2. **Classify operation:**
- **Read-only:** Acquire lock, return snapshot (copy)
- **Mutation:** Acquire lock, modify, release
- **Long I/O:** Take snapshot under lock, process without lock
3. **Lock pattern:**
```python
with self._index_lock:
# ONLY dict access + LlamaIndex mutations here
pass
# Expensive I/O outside lock
```
### Anti-Patterns to Avoid
❌ **Don't hold lock during I/O:**
```python
with self._index_lock:
embedding = self.get_text_embedding(text) # BAD: 50ms blocked
```
❌ **Don't return direct references:**
```python
def get_doc_ids(self):
return self._doc_id_to_node_ids.keys() # BAD: caller can corrupt
```
✅ **Do take snapshots:**
```python
with self._index_lock:
return list(self._doc_id_to_node_ids.keys()) # GOOD
```
---
## 12. Open Questions
None.
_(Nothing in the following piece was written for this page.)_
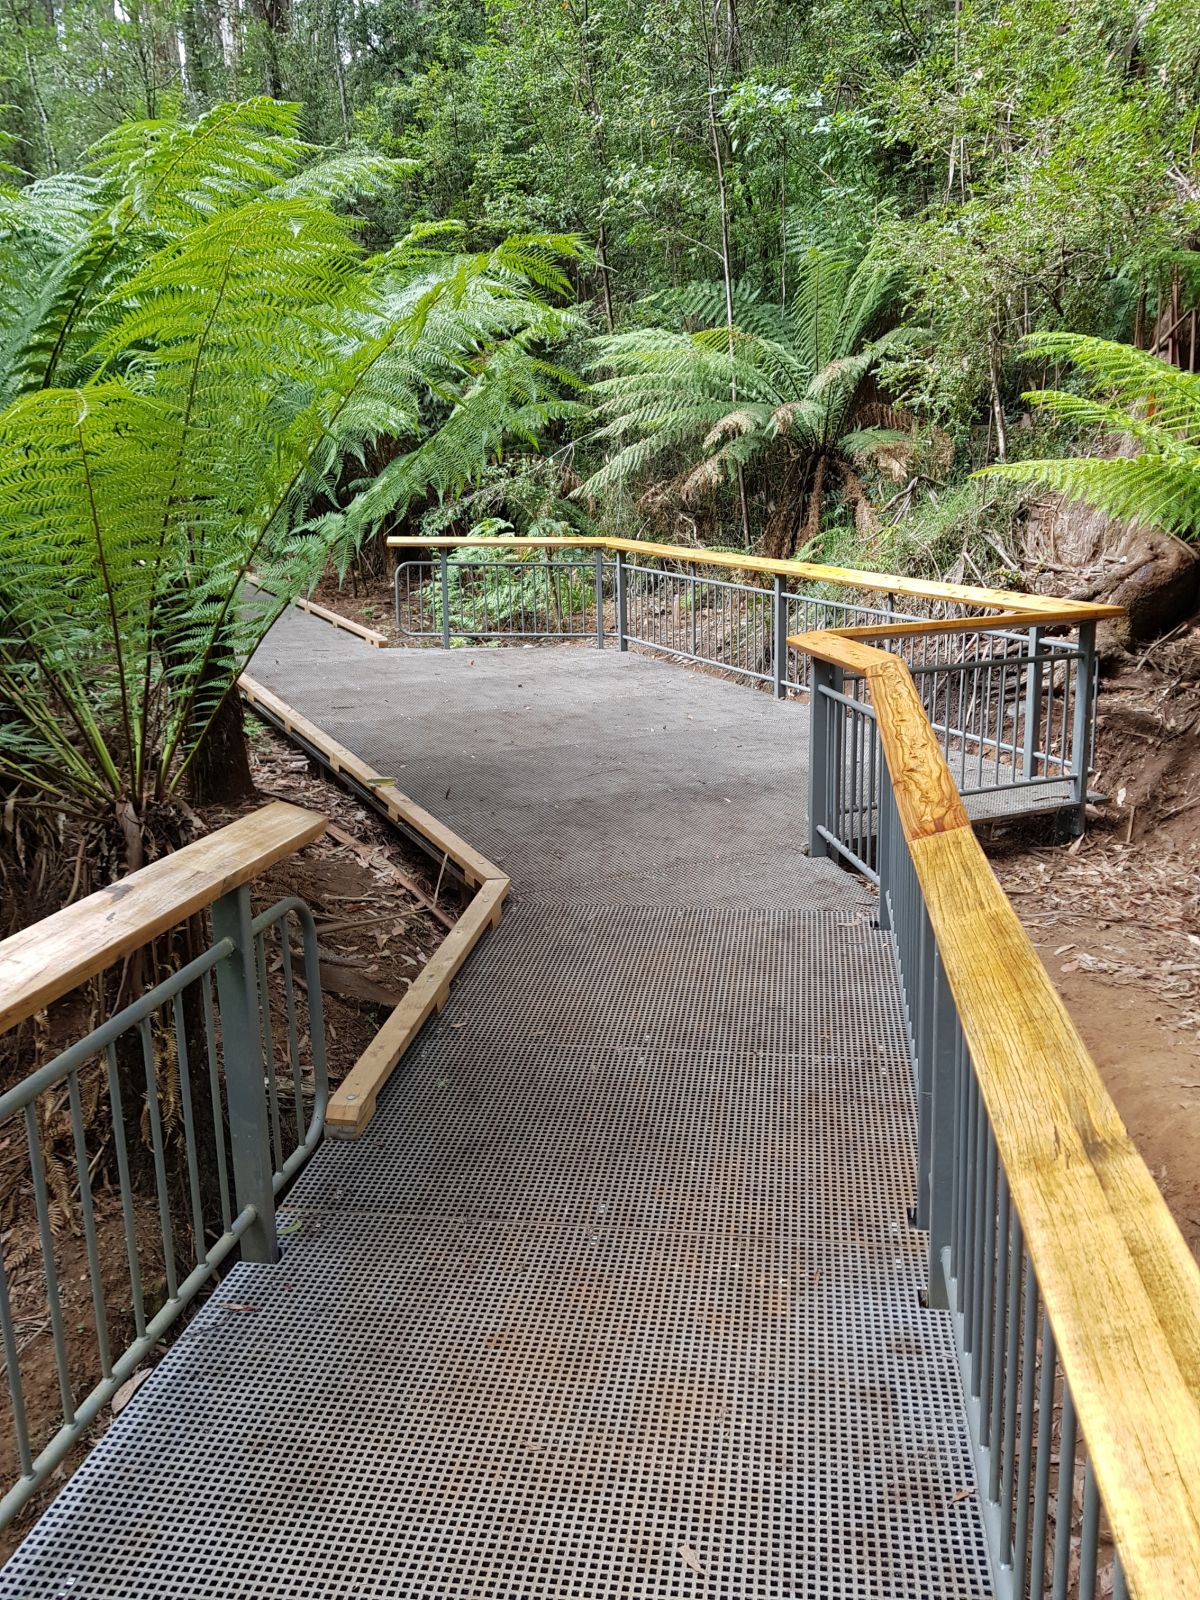 A viewing platform connected to a boardwalk in the rainforest.

Implementation is complete and tested.
---
## Appendix A: Crash Reproduction
Before fix, the following test reliably crashed:
```python
def test_reproduce_shutdown_crash():
vector = VectorIndex()
def add_chunks():
for i in range(100):
vector.add_chunk(create_chunk(i))
time.sleep(0.001)
thread = threading.Thread(target=add_chunks)
thread.start()
time.sleep(0.05) # Let some chunks get added
vector.persist(tmp_path) # CRASH: RuntimeError
thread.join()
```
**Error:**
```
RuntimeError: dictionary changed size during iteration
at dataclasses_json/core.py:448 in _asdict
```
After fix: Test passes reliably (100/100 runs).